I am not a subscriber, so please keep me in CC. Also I CC'd the people
who wrote about the same issue in the past.

Thanks.


[1] http://nouveau.freedesktop.org/wiki/MmioTrace
[2] http://marc.info/?l=linux-kernel&m=119540769014745&w=2
[3] http://article.gmane.org/gmane.linux.kernel/609521

-- 
Pekka Paalanen
http://www.iki.fi/pq/
--

From: Christoph Hellwig
Date: Tuesday, January 8, 2008 - 1:32 pm

Please make mmio tracing generic enough so it works for every device and
submit it for inclusion as a config option.
--

From: Dave Airlie
Date: Tuesday, January 8, 2008 - 3:13 pm

Christoph,

it is generic code, it works by patching the module you load and is in
no way nvidia specific, I think we should revert your chance
as the notifiers have a valid user and one it has been planned to upstream..

Dave.
--

From: Benjamin Herrenschmidt
Date: Tuesday, January 8, 2008 - 5:26 pm

Agreed, it looks like a sane enough user of page fault notifiers, it's
going to be upstream, and it's useful to fight evil binary drivers so
that sounds like a good justification to bring those back in :-)

Cheers,
Ben.


--

From: Pavel Roskin
Date: Wednesday, January 9, 2008 - 11:18 am

The fault notifiers are used in a special version of MadWifi (Atheros
wireless driver with some non-free parts) to figure out which registers
are being accessed.  The tracing capability has been essential for the
development of the free replacement, ath5k.

Considering that ath5k is being developed in the kernel tree, whereas
madwifi-trace needs 2.6.23, one needs different kernels for tracing and
development.  Lifting this requirement would be a time saver for the the
developers of ath5k.  And once 2.6.24 is released, ath5k developers will
be in the position to ask users to downgrade their kernels to get traces
for their cards.  That's something I'd like to avoid.

I looked at ways to implement the page fault handler using kprobes, but
I could not find a simple solution.  The problem is that kprobes uses
the fault notifier for its own needs.  I'm still hopeful that somebody
with a better understanding of kprobes will be able to implement fault
notification without patching the kernel.  But if no such solution is
found, I would also support reverting the patch that removed fault
notifiers on i386.

-- 
Regards,
Pavel Roskin
--

From: Christoph Hellwig
Date: Wednesday, January 9, 2008 - 11:21 am

With your fixation on not patching the kernel you sound like a windows
developer.  There is no problem with patching the kernel, but the best
patching of that kernel is that which happens upstream so please folks
start submitting an mmiotrace variant for kernel inclusion.

Then again I don't quite get why you absolutely want to track pagefaults
anyway.  Just hooking into ioremap and read*/write* and iomap +
ioread*/iowrite* would be much easier and also a lot faster.  It would
also allow adding a nice sysfs attribute to enable this per-device.

--

From: Benjamin Herrenschmidt
Date: Wednesday, January 9, 2008 - 12:58 pm

Because binary drivers don't use ioread/iowrite/readX/writeX (or if they
do, they've long been inlined in the blob).

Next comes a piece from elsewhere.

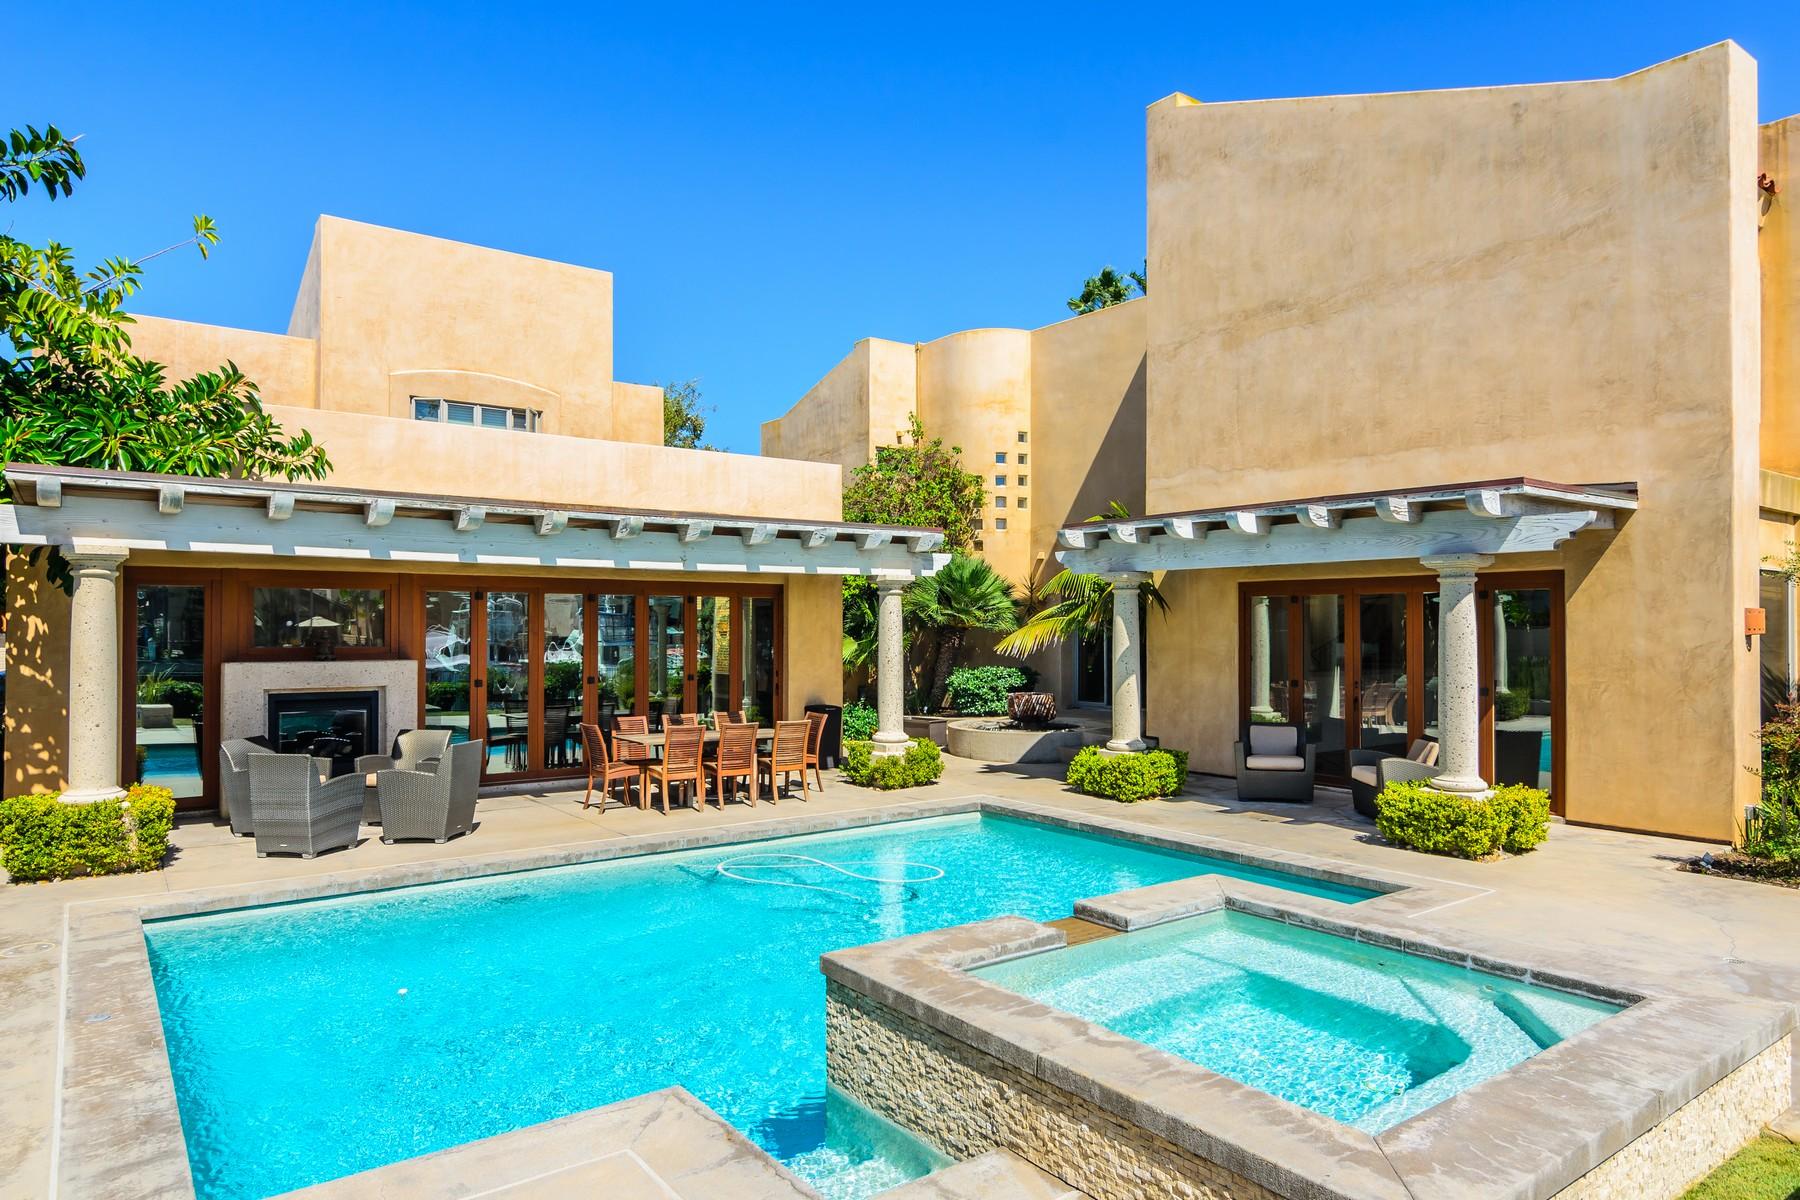 Single Family Home for Sale at 6 Sixpence Coronado, California 92118 United States

The only solution is to map
things as non-accessible and trap the page faults.

It's a sane thing to do, Christoph, I don't think it's a unreasonable
request to put the hooks back in.

Cheers,
Ben.


--

From: Christoph Hellwig
Date: Wednesday, January 9, 2008 - 1:22 pm

As said a few times before there's simply no way we're going to put
exactly that crap back.  For one the patch removed a whole lot of
crud from the kprobes code that simply isn't going to come back just
because there are some pagefault notifiers.  Second the page fault
notifiers were horribly implemented and quite inefficient.  And third
we're not going to put something in just for out of tree code.

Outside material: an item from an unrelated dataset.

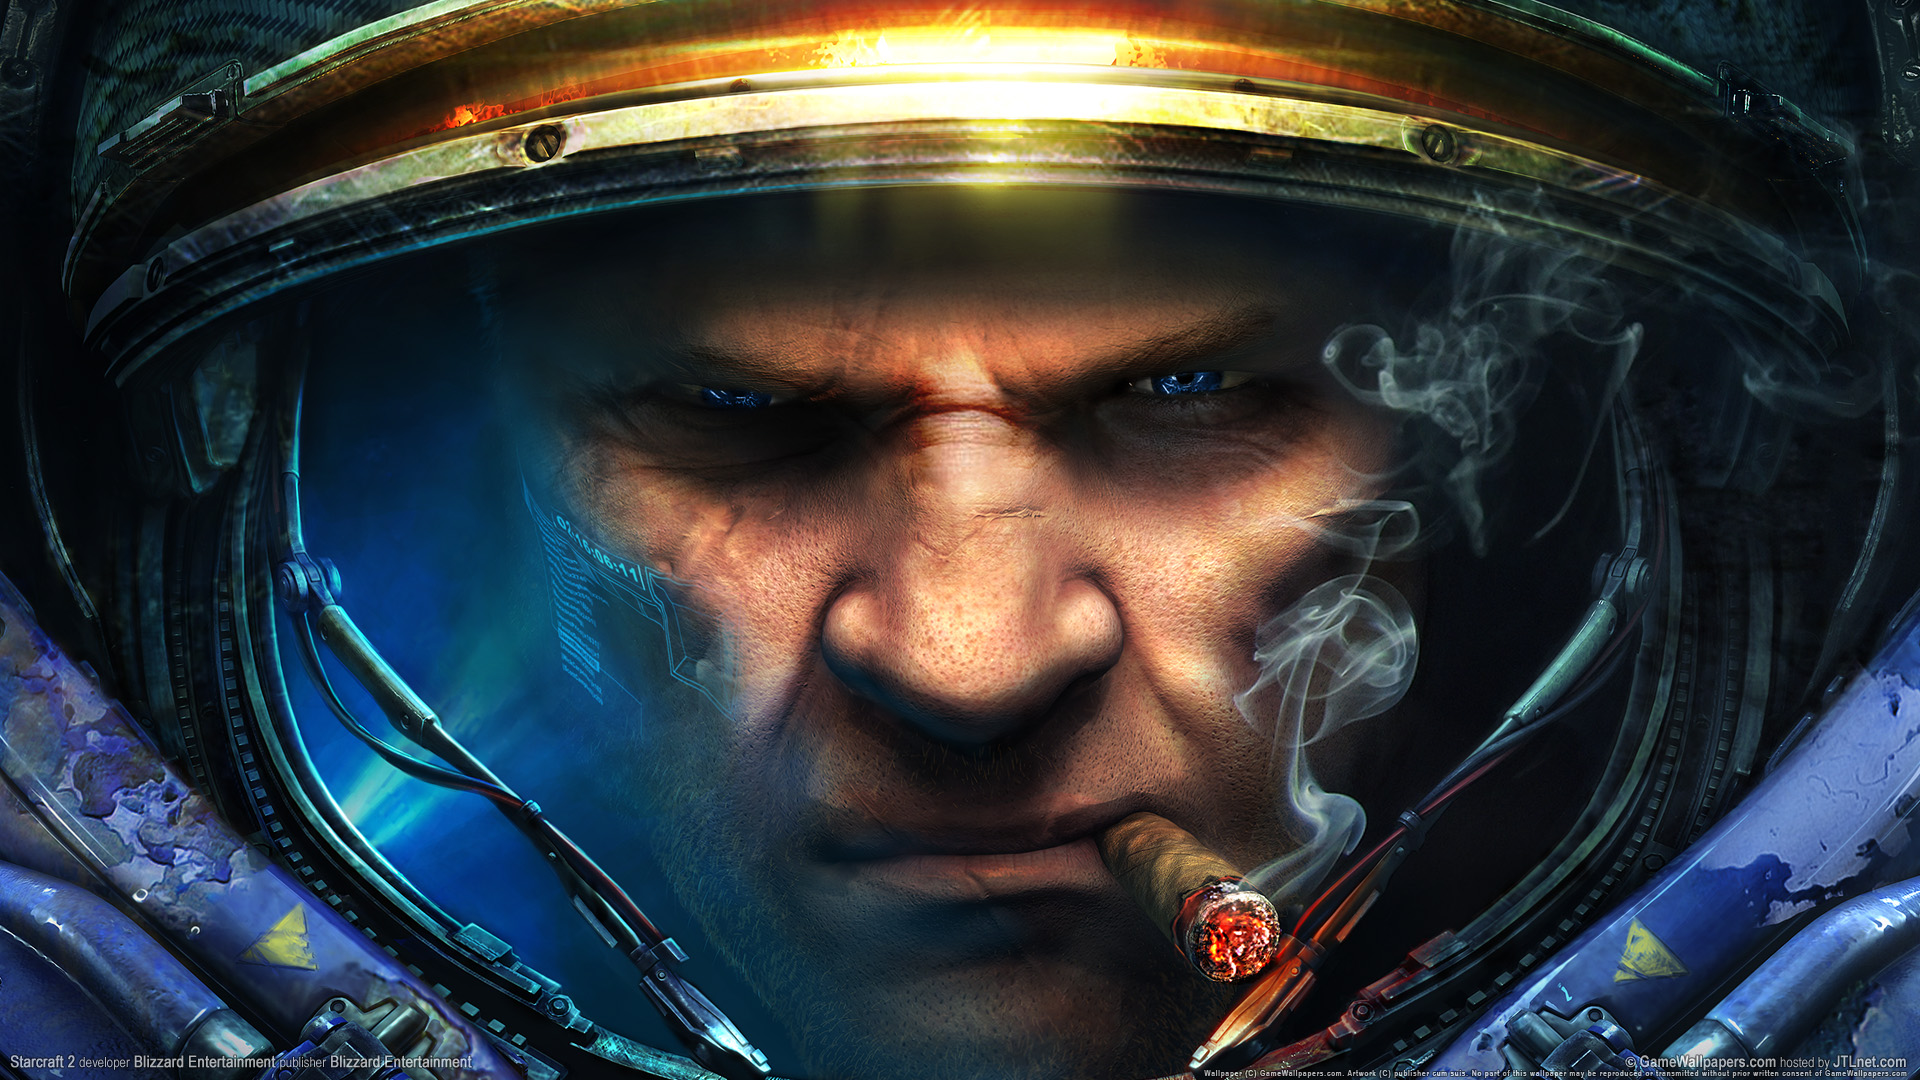 Gaming Wallpaper full hd starcraft epic face blue eye 1920x1080

Please submit the mmiotrace for 2.6.25 and we'll find some way to make
it work.

--

From: Arjan van de Ven
Date: Wednesday, January 9, 2008 - 5:42 pm

On Wed, 9 Jan 2008 20:22:54 +0000

I'm btw all in favor of making mmio tracing full fledged kernel infrastructure.
This doesn't mean "notifier" imo; this means a real flag in the struct page,
and then the page fault code can do

if (page->flags & FLAG_MMIO_TRACED)
	mmio_trace(page, regs, whatever..);

(probably surrounded by a CONFIG_ ifdef)
THis is a TON lighter than a notifier chain, and actually what you want,
you don't really want a notifier, you want a call back when a special kind of
page is touched.


-- 
If you want to reach me at my work email, use arjan@linux.intel.com
For development, discussion and tips for power savings, 
visit http://www.lesswatts.org
--

From: Andi Kleen
Date: Wednesday, January 9, 2008 - 5:47 pm

That would assume that your mmio area has a struct page. In most PCs 
the ones in the PCI hole don't

-Andi
--

From: Arjan van de Ven
Date: Wednesday, January 9, 2008 - 5:55 pm

On Thu, 10 Jan 2008 01:47:16 +0100

so you also call the function for all traps on pages without struct page;
that should be extremely rare anyway, and the mmio_trace code can then 
look the page up.

-- 
If you want to reach me at my work email, use arjan@linux.intel.com
For development, discussion and tips for power savings, 
visit http://www.lesswatts.org
--

From: Andi Kleen
Date: Wednesday, January 9, 2008 - 6:01 pm

But there's really no page to look up. These are typically !pfn_valid()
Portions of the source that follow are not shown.